Figure 1 shows an example (future) device: there are large bumps, hybrid bonds--for extreme bandwidth and low latency connection to cache memory, TSV based DRAM, and multiple CPU to CPU interconnects. Each of these is a failure point.
Figure 1: The wide variety of interconnects on future advanced packages Figure 2: the triangle of misery as applied to standard and Advanced xray imaging (AXI)
Manufacturing will necessarily advance in the packaging arena: pin density and package size will both increase to support the high bandwidth and device integration demands. The downside of multiple device integration is a higher set of requirements on the reliability of both the individual devices and the fully assembled system. This is an opportunity to take advantage of new strategies and technologies in package inspection. The sampling challenges for both control and inspection for high reliability require systems that can run at 100% coverage and millions of units per year. An overview of reliability sampling challenges as it relates to the end of line inspection, as well as sampling for both defect type and incidence is critical to understanding how and what to measure to maximize yield.
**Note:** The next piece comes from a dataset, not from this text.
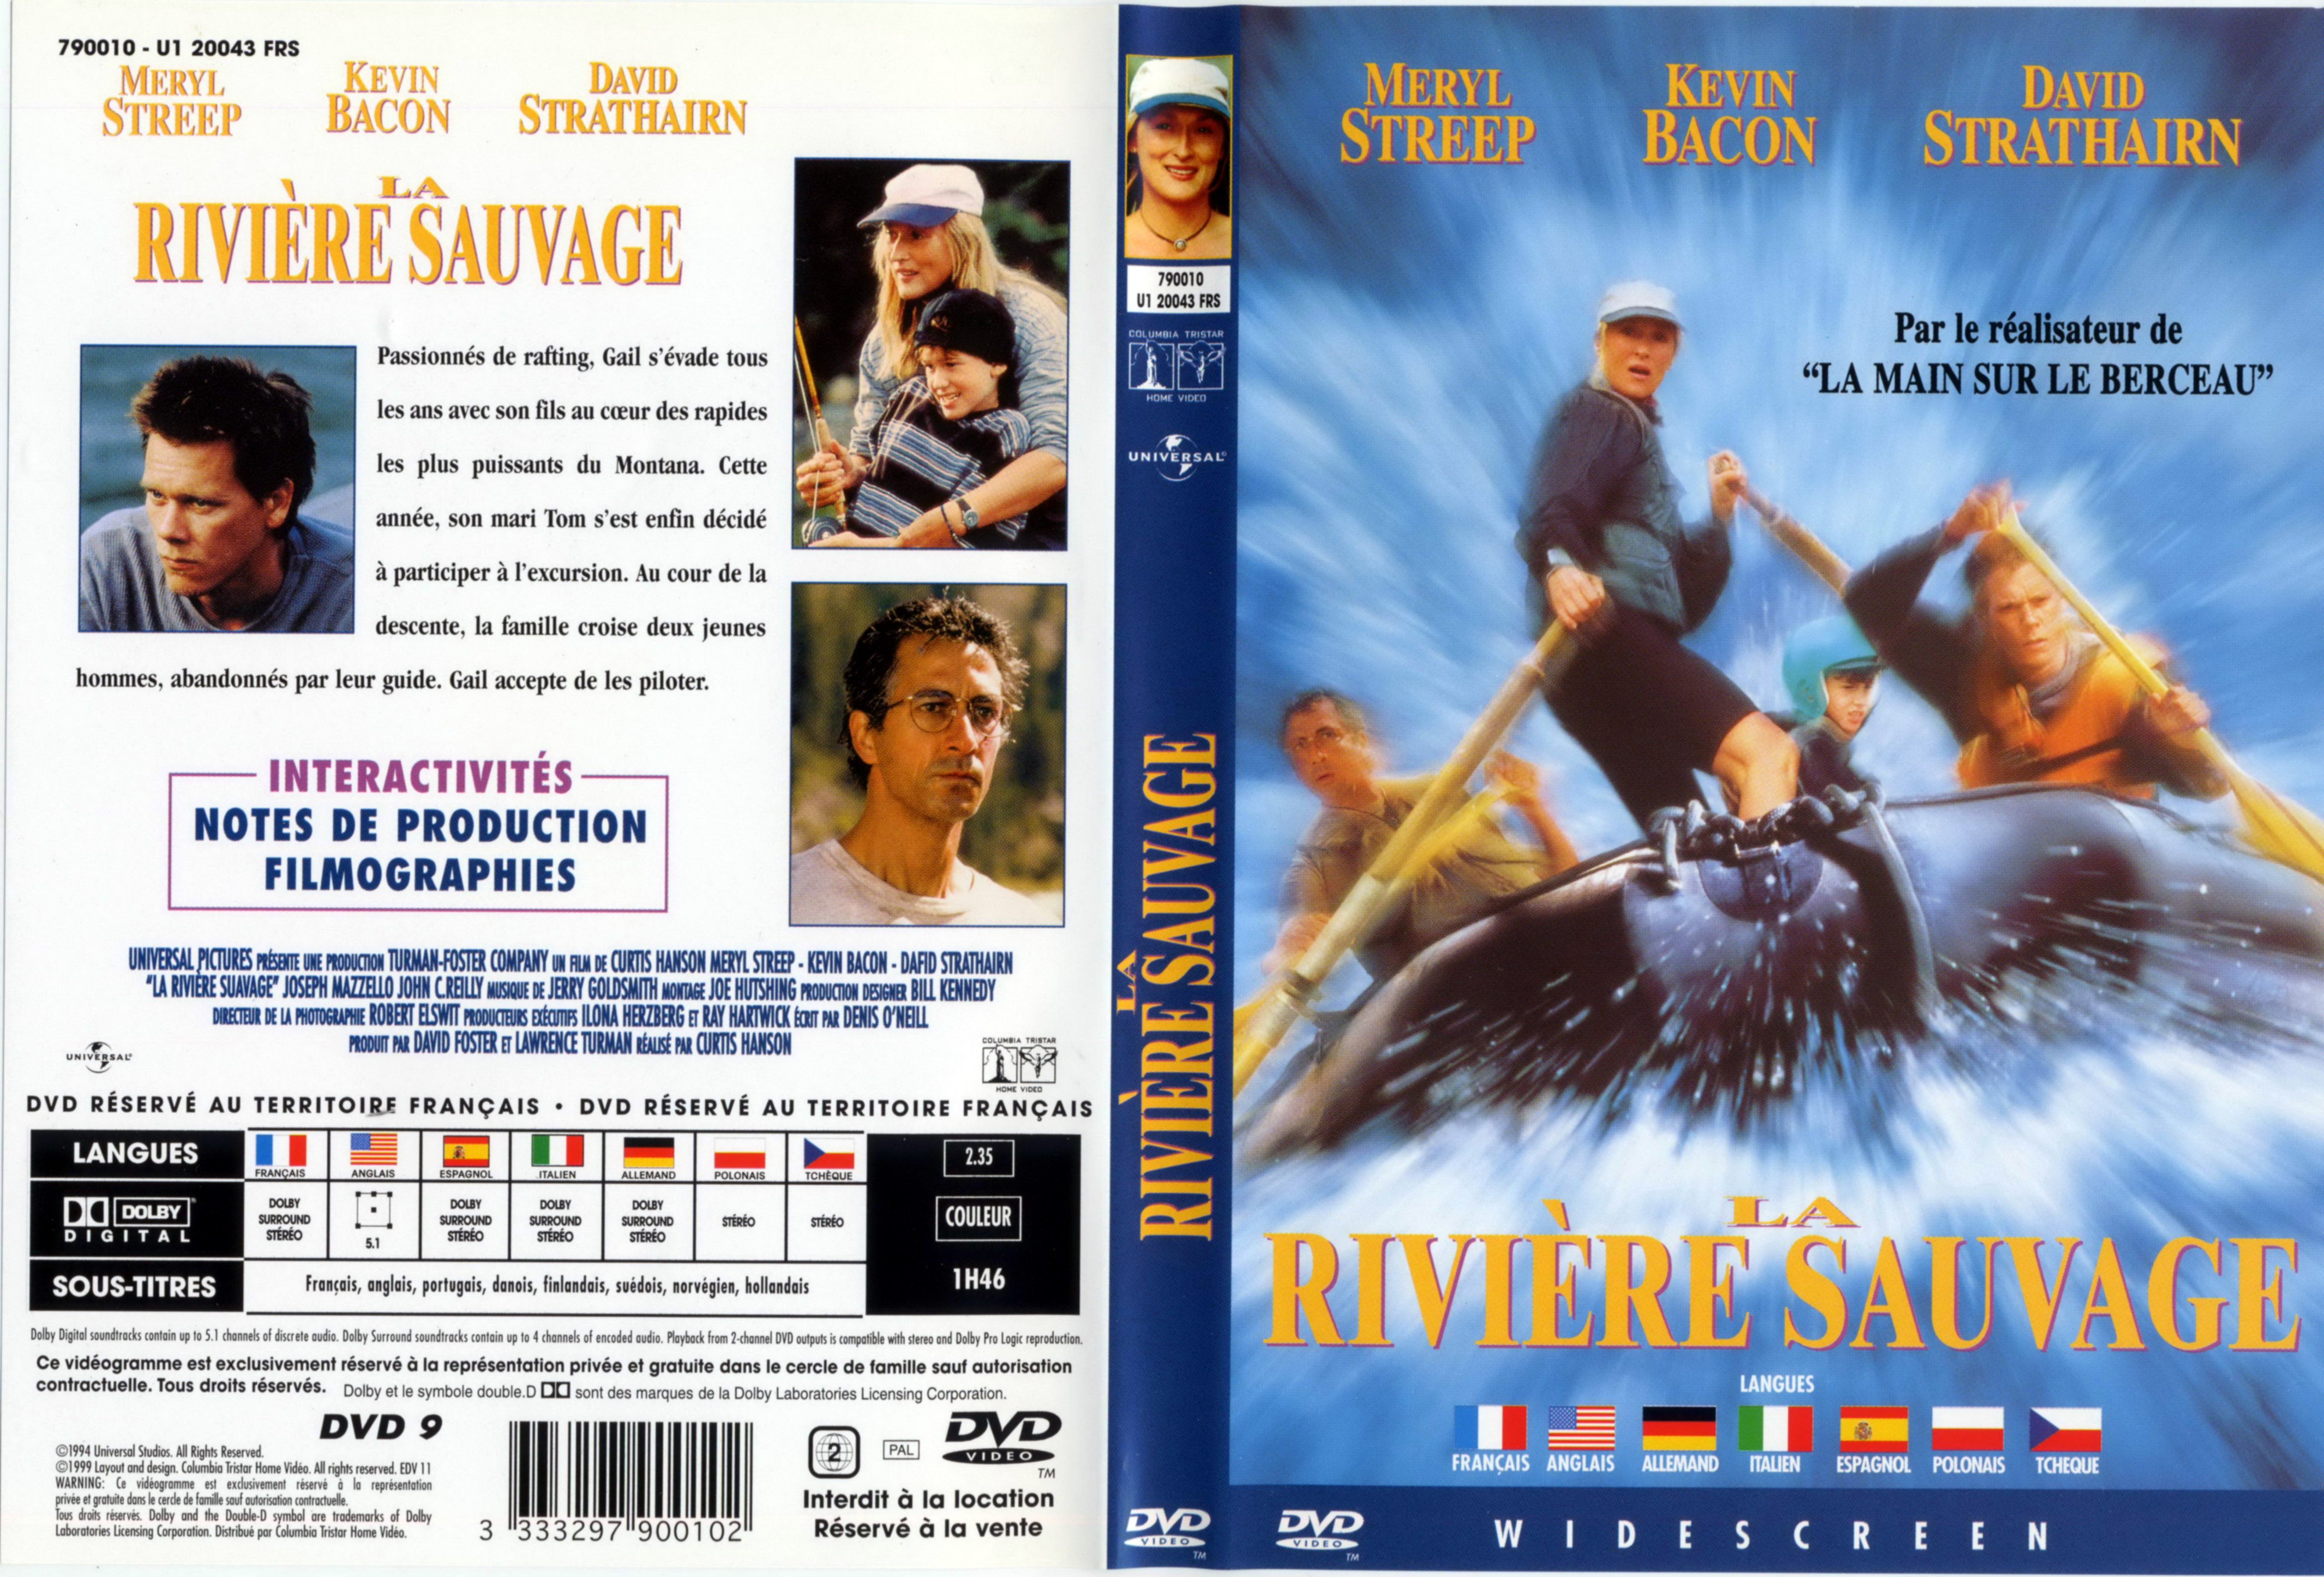 Jaquette DVD La riviere sauvage v2

There are fundamental tradeoffs between speed, resolution, and signal to noise ratio that inform a systematic engineering understanding of inspection. Optimizing that trade-off specifically for semiconductor inspection leads to dedicated tools with extremely high resolution, speed, and low dose.
In parallel with the speed requirements, sensitivity, and noise immunity can be improved with an understanding of the systematic sources of noise. These can be mitigated and even eliminated with novel algorithms for both image enhancement and defect location.